Damn it Feels Good to be a Gangsta
Re: Damn it Feels Good to be a Gangsta
If this be true, why 7 not be 5 yet?
Re: Damn it Feels Good to be a Gangsta
Hard for me to engage in these conversations but I can certainly dumb it down with my personal feeling/example from real life for what you just shared J&G. I race/ride a lot and very wired into the local mountainbike/gravelbike/bikepacking community. From what friends are doing, what the local bike shops are showing, what is happening at the races and of course wathcing elites on youtube etc form a serious dose of influence on my decisions. 100% legit it is the hardest part of discretionary spending I try to resist as my bikes cost a lot and I want to ride them for years without upgrading them or adding unnecessary trick new parts. I could justify as this is my recreation/health/wellbeing investment wrapped up in one budget line item but that would just be finding a way to enable excess consumerism.
If we assume that this theory of mimetic desire is correct, that all desire is socially constructed, then, I suggest, that identity is the product of iterative mimetic desire.
Here's how I think it works: We learn what to assign value to and desire from our families and peers as well as our cultural heroes and role models. When we see them desire something, we assess it as having value and imitate that desire*. At this point, it enters our internal reward and emotional system.
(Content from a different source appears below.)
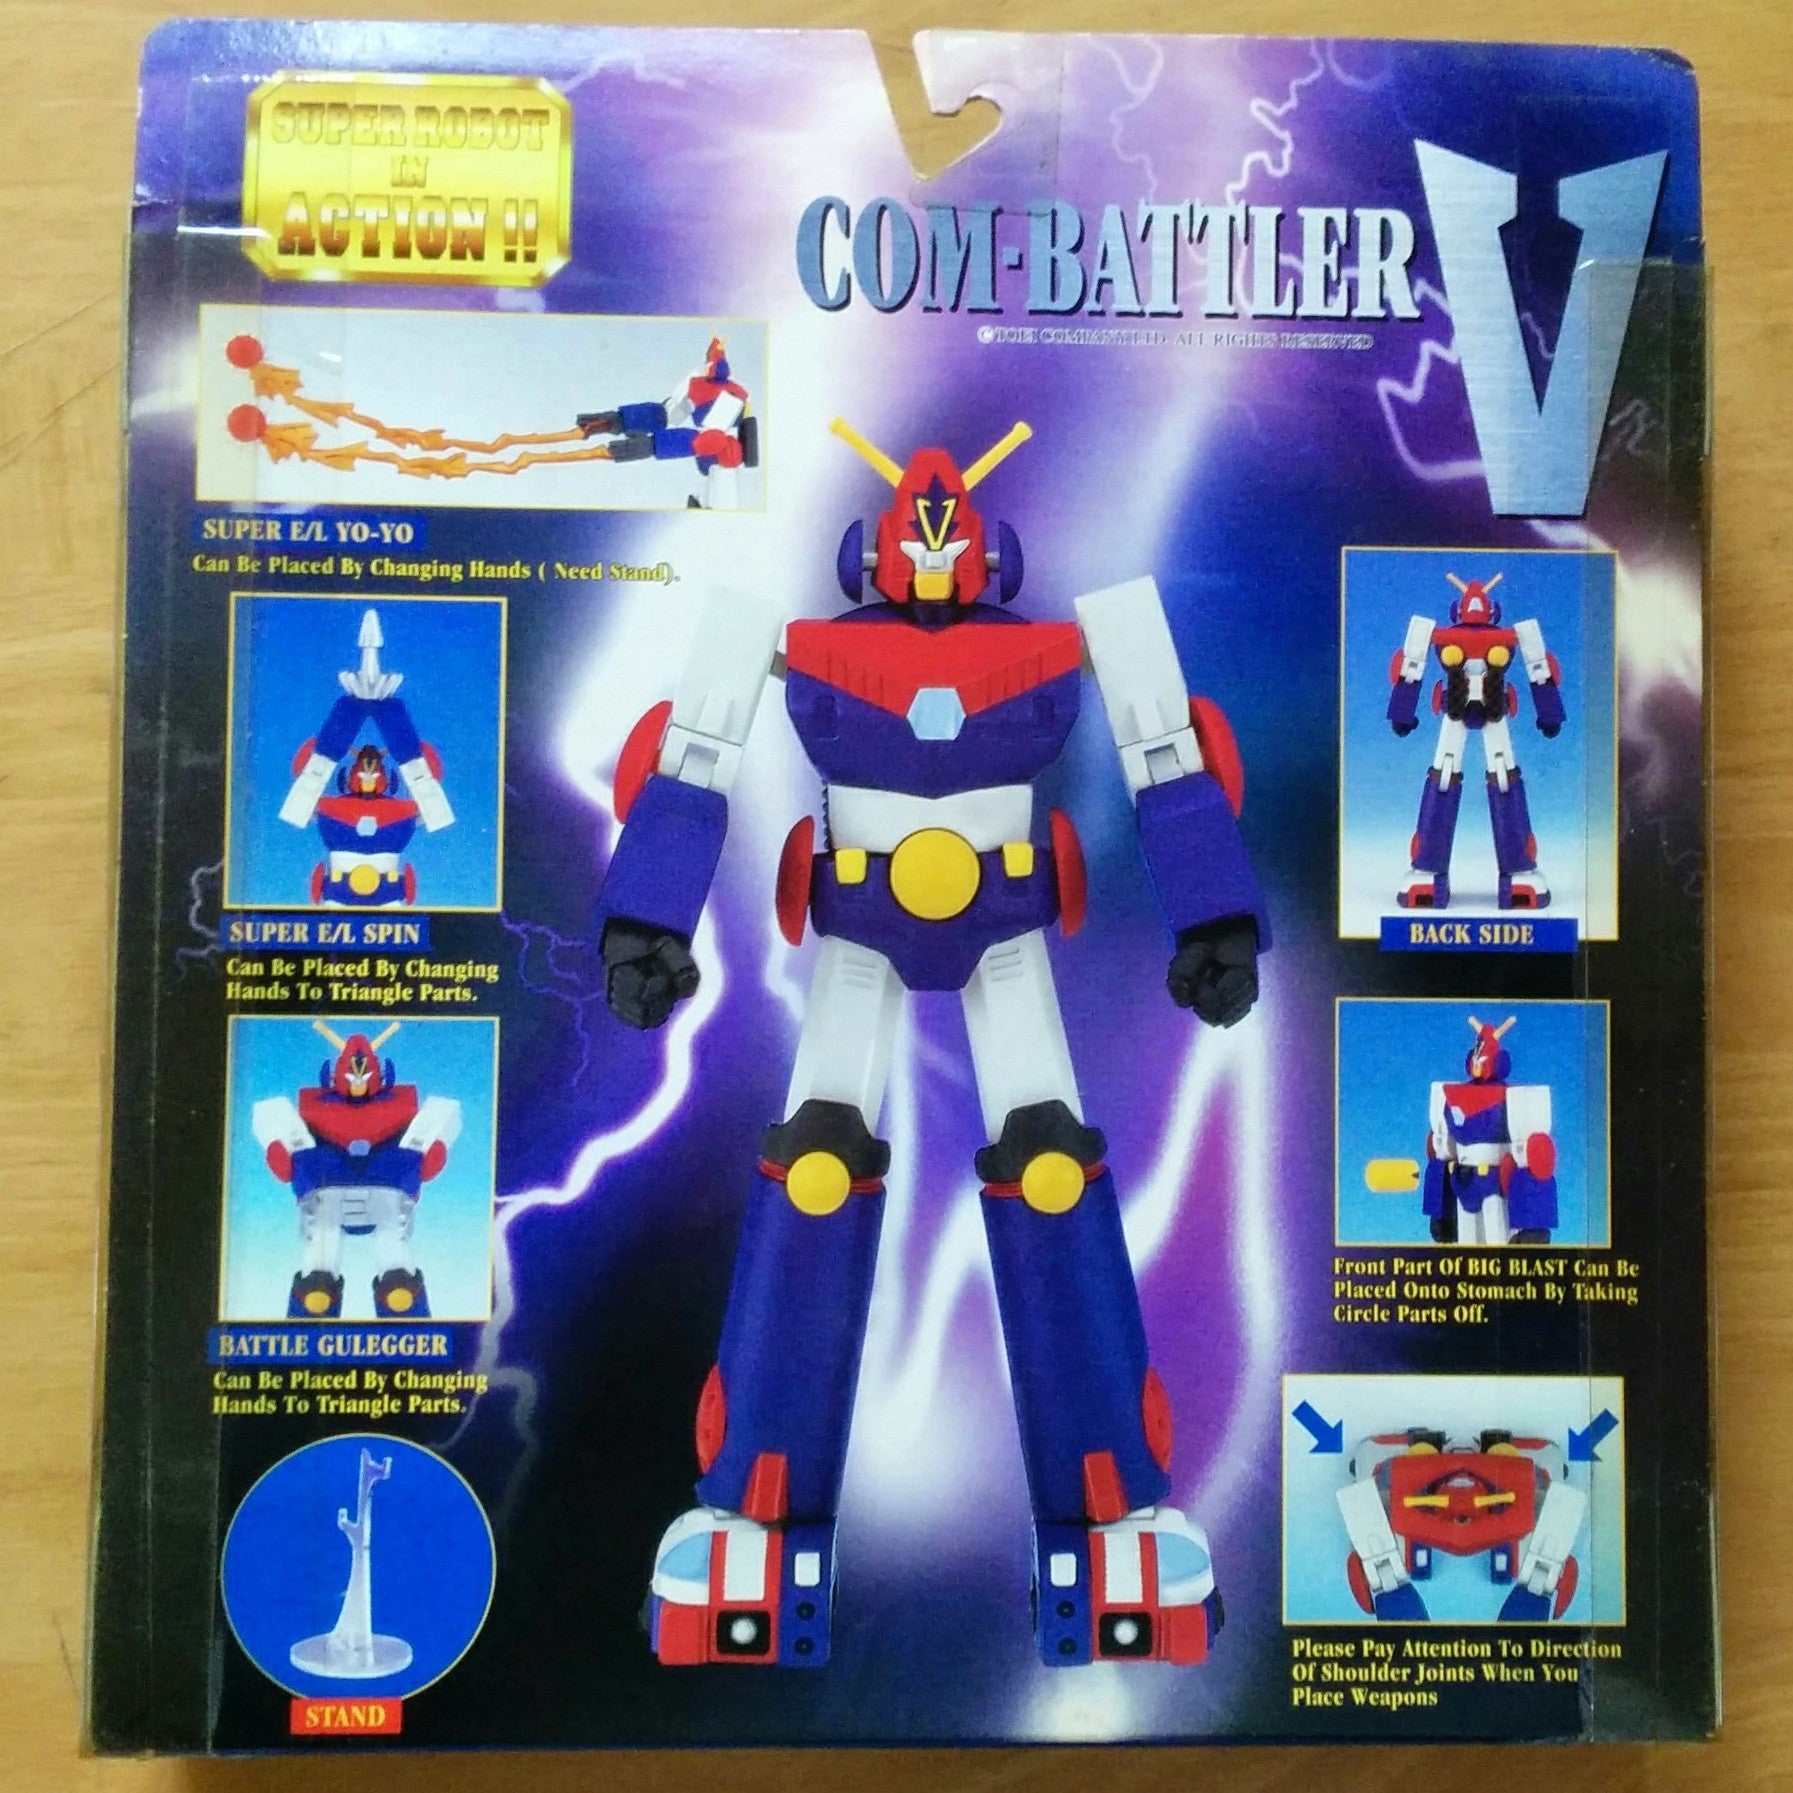 Bandai 1999 Super Robot In Action Com-Battler Combattler V Action Figure - Lavits Figure
 - 2

Re: Damn it Feels Good to be a Gangsta
Interesting @J+G
If mimetic desire is true, then it supports why social conformity appears to be a mostly built-in human feature. Yes, these are certainly psychological needs for love & belonging but these needs could also even be based in physiological and security needs. Standing out too much, and being different, can get you socially outcasted at best or even killed in some cases at worst. So it stands to reason why its easier to rationalize an identity that doesn't drift too far off from the culture around you. Seems to me most people socially conform without too much of a second thought but given that roughly 15-20% of the population is estimated to be neurodivergent....this may be a cause of why neurodivergent people learn to strategically mask as they're simply outnumbered.
I suppose some good news is that standing out, having original thoughts, and proposing "radical" ideas is much more acceptable today then it was in years past, but humans are still going to human.
If mimetic desire is true, then it supports why social conformity appears to be a mostly built-in human feature. Yes, these are certainly psychological needs for love & belonging but these needs could also even be based in physiological and security needs. Standing out too much, and being different, can get you socially outcasted at best or even killed in some cases at worst. So it stands to reason why its easier to rationalize an identity that doesn't drift too far off from the culture around you. Seems to me most people socially conform without too much of a second thought but given that roughly 15-20% of the population is estimated to be neurodivergent....this may be a cause of why neurodivergent people learn to strategically mask as they're simply outnumbered.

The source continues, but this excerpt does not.